* Provided entries
━━━━━━━━━━━━━━━━

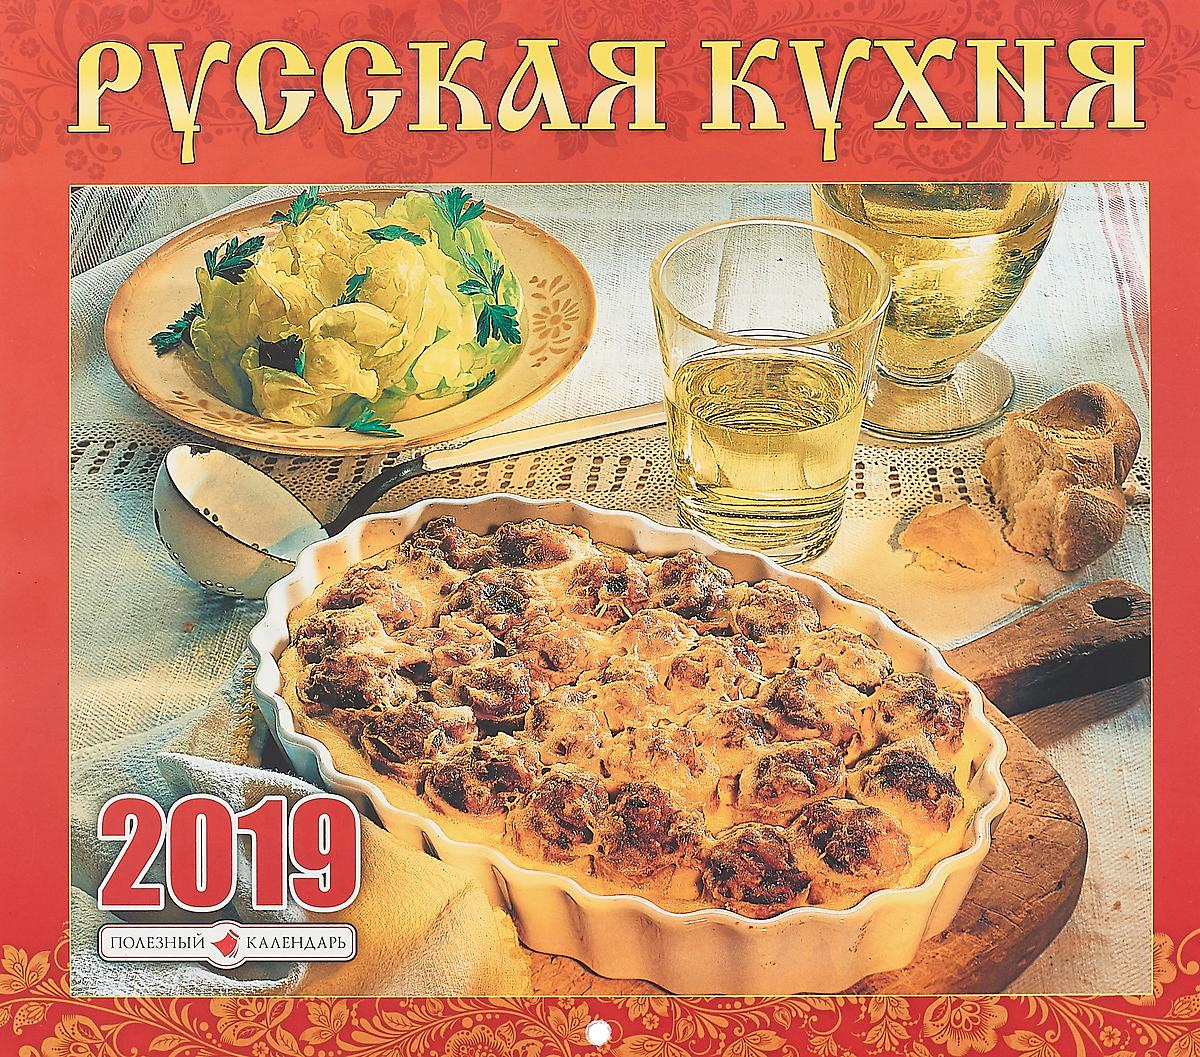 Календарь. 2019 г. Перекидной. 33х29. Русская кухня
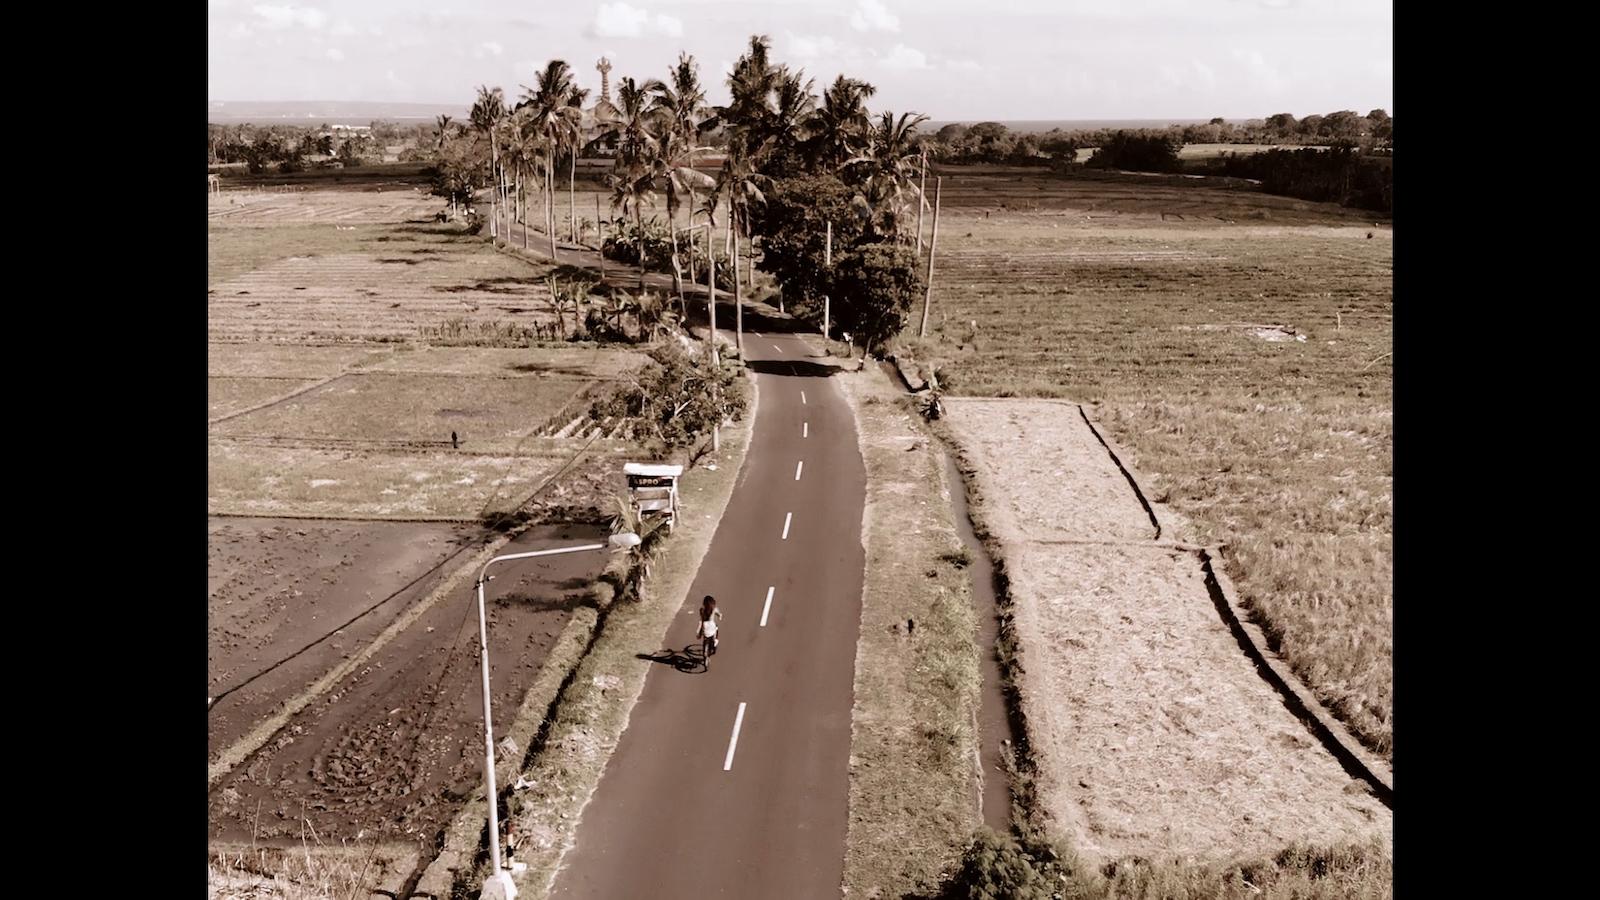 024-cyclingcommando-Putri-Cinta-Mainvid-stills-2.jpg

━━━━━━━━━━━━━━━━

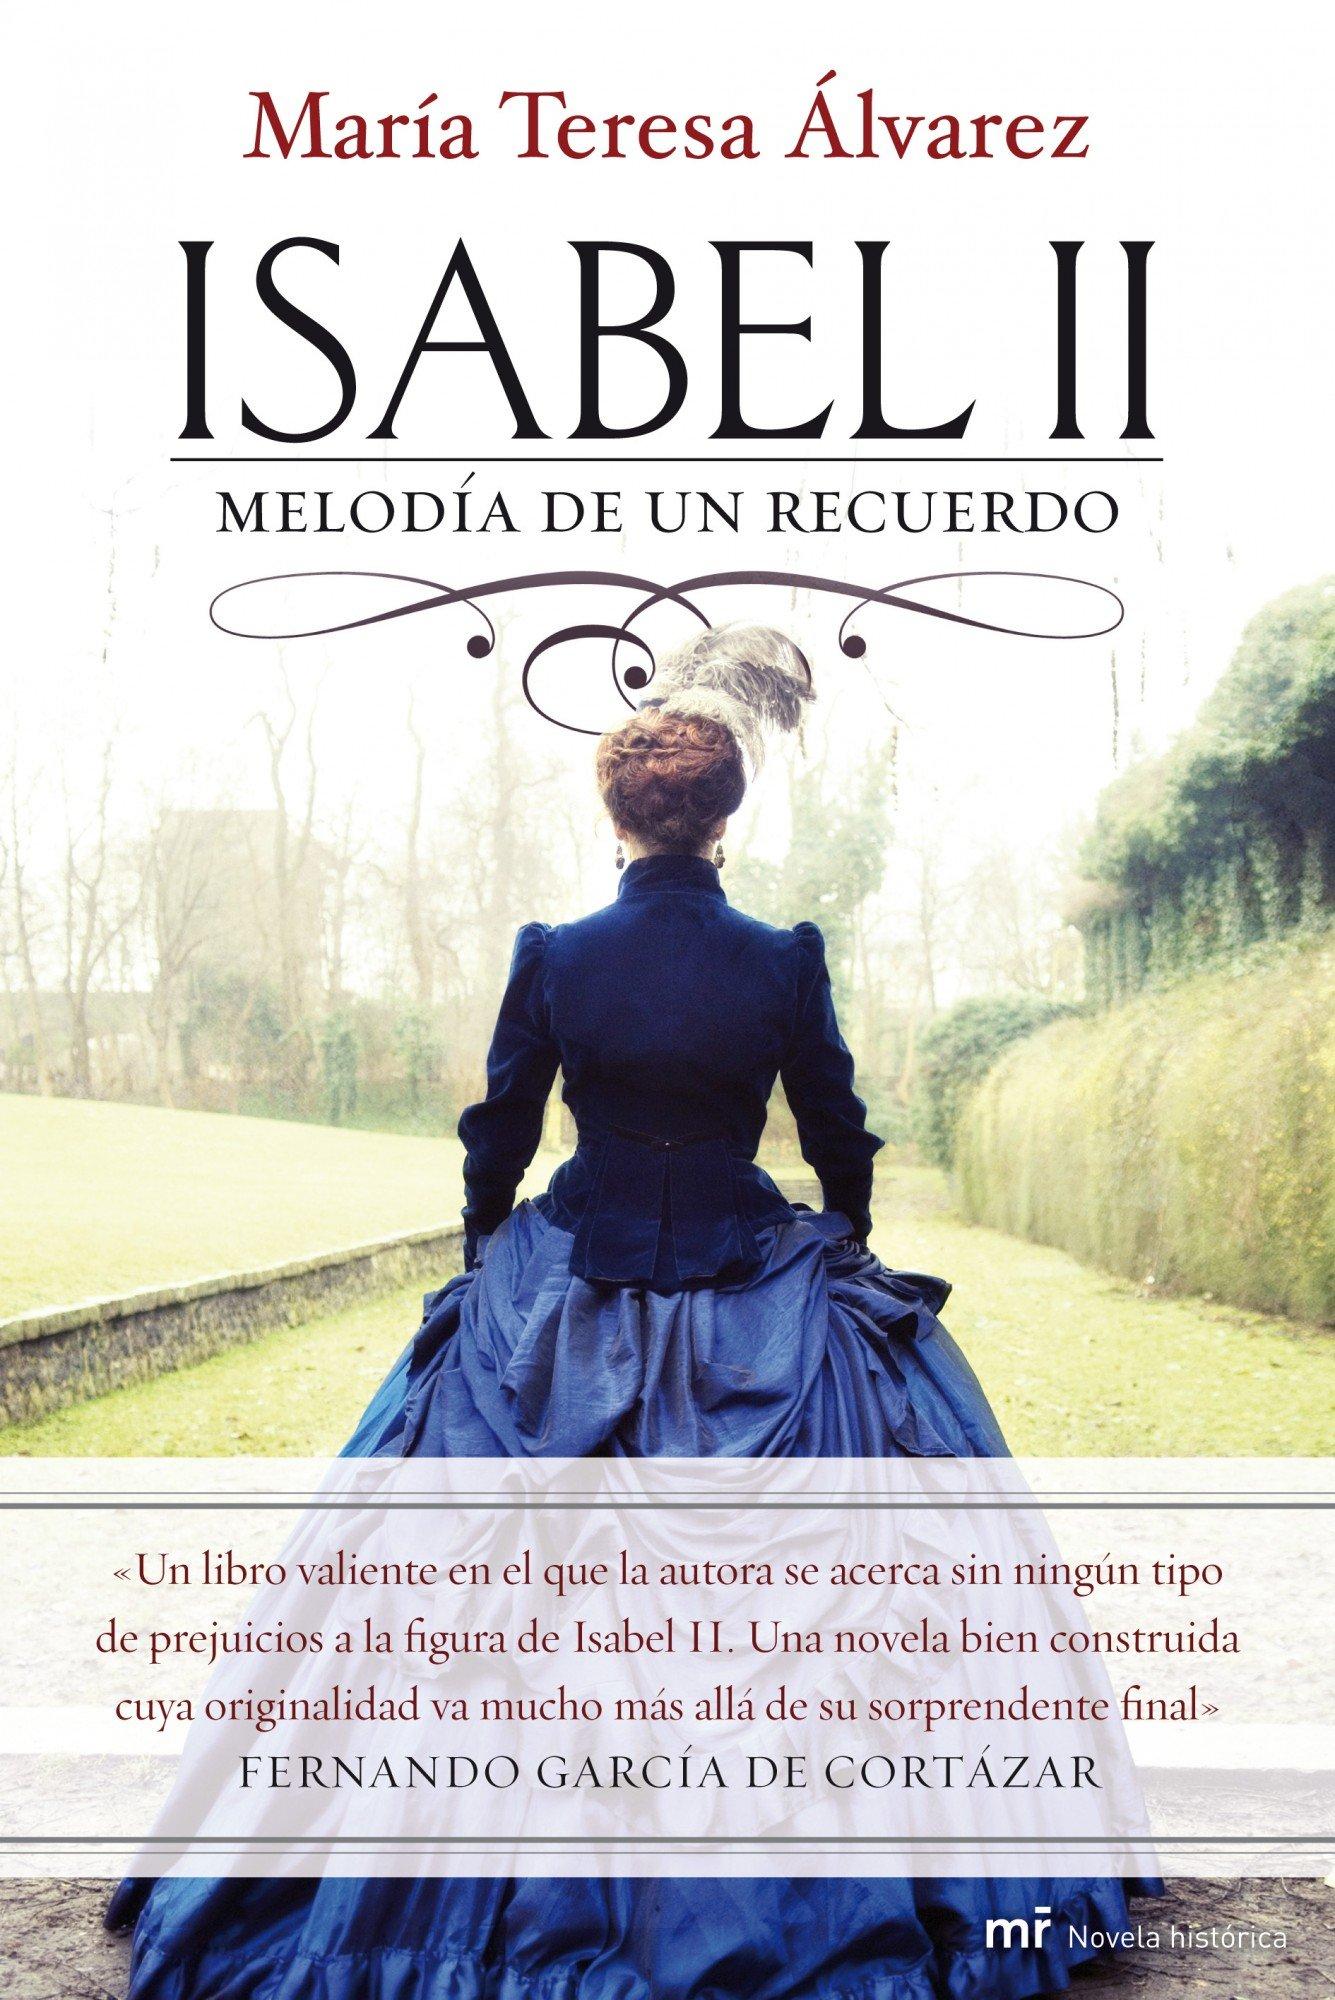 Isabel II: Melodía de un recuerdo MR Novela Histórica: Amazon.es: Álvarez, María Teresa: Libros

━━━━━━━━━━━━━━━━

* Exercise goal
Please return the material above only from the line that holds "Календарь. 2019 г." through the line that holds "024-cyclingcommando-Putri-Cinta-Mainvid-stills-2.jpg", exactly as it stands, ends included and pictures omitted.

* Exercise solution
 Календарь. 2019 г. Перекидной. 33х29. Русская кухня
 024-cyclingcommando-Putri-Cinta-Mainvid-stills-2.jpg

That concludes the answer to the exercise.